The sakura repo adds [`bert_demo/hf_async_features.ipynb`](https://github.com/zakuro-ai/sakura/blob/master/bert_demo/hf_async_features.ipynb) — every `SakuraHFCallback` knob on a real BERT fine-tune.

## Benchmarks

All under `scripts/` and take a handful of seconds to a minute each.
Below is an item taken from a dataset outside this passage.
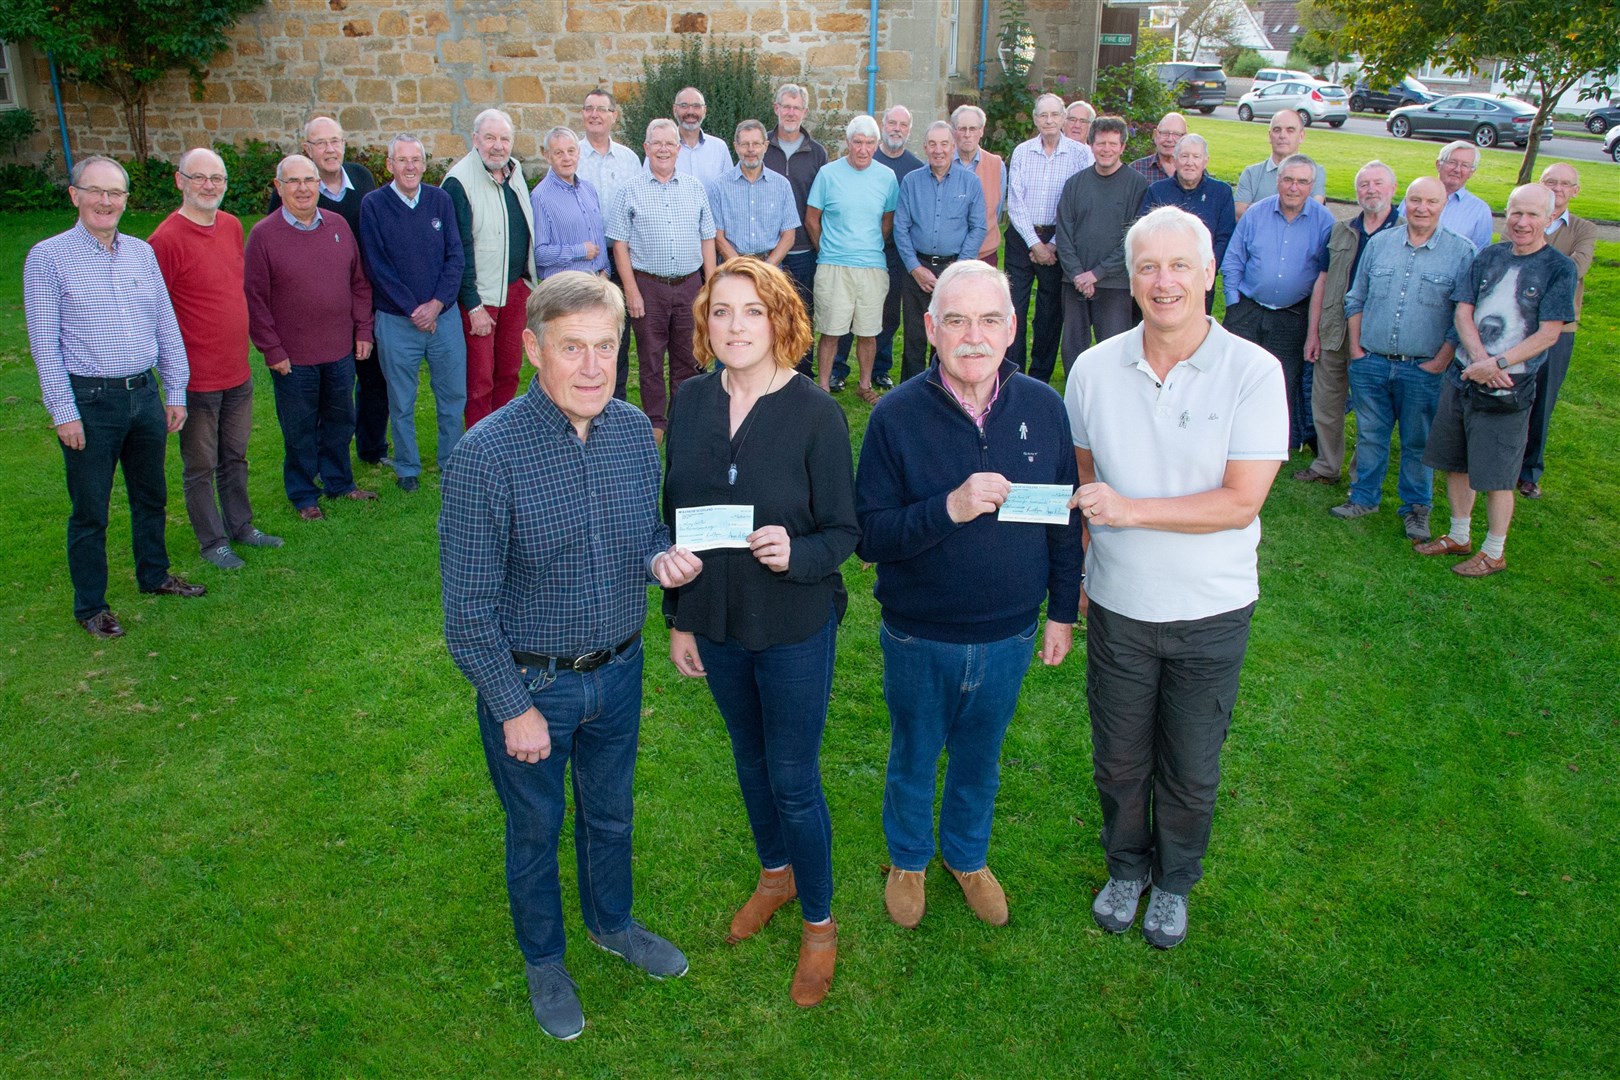 Glen Moray Male Voice Choir member Donald Brown (left) presents Gillian Pirie, of Moray Food Plus, with a cheque for £1000, while Angus Burnie (right) hands Dennis Thomson a cheque for £1500 for Prostrate Cancer UK. Picture: Daniel Forsyth.

Output is JSON-dumpable via `--log <path>` where supported.

| script | scenario | headline |
|---|---|---|
| `bench_mesh_adaptation.py` | 2-worker warmup → dispatch → remove → readmit | `29 ms` auto-bp, rebalance within one batch |
| `bench_health_detection.py` | SIGKILL worker mid-run | `18–743 ms` detection depending on probe cadence |
| `bench_drift_detection.py` | Induce `sleep(0.25)` on one worker | drift detected `t + 0.48 s`, 95 % traffic diverted |
| `bench_quic_retry.py` | SIGKILL + respawn on same QUIC port | 60 s → 5 s dead-connection detection |
| `bench_all.py` | Runs the four above in one go | consolidated summary table |

```bash
uv run python scripts/bench_all.py --log /tmp/zakuro-bench.json
```

## Docs

- [`PRD.md`](PRD.md) — product vision (what we're building and why)
- [`PLAN.md`](PLAN.md) — engineering plan (what's shipped with measured numbers)
- [`docs/getting-started.md`](docs/getting-started.md) — end-to-end guide, "laptop-only" and "networked" paths
- [`docs/cli.md`](docs/cli.md) — `zakuro-worker` CLI reference
- [`docs/PROTOCOL.md`](docs/PROTOCOL.md) — QUIC wire protocol (so new bindings can implement against it)
- [`docs/zc-quic-patch/`](docs/zc-quic-patch/) — Rust broker-side QUIC caller, shipped at [zakuro-ai/zc#31](https://github.com/zakuro-ai/zc/pull/31)

## Related projects

- [**sakura**](https://github.com/zakuro-ai/sakura) — ML framework integrations (PyTorch Lightning, HuggingFace Trainer, TensorFlow/Keras) that use Zakuro under the hood to hide eval latency behind training
- [**zc**](https://github.com/zakuro-ai/zc) — Rust broker with QUIC transport, credit-based billing, P2P mesh

## Development

```bash
# Tests
uv run pytest tests/

# Specific benchmark
uv run python scripts/bench_mesh_adaptation.py --n-workers 3

# Build a wheel
task build:wheel

# Full CI set
task ci:all
```

Python 3.10+ is required. `uv` is the recommended package manager (`pip install uv`).

## License

BSD-3-Clause. See [`LICENSE`](LICENSE).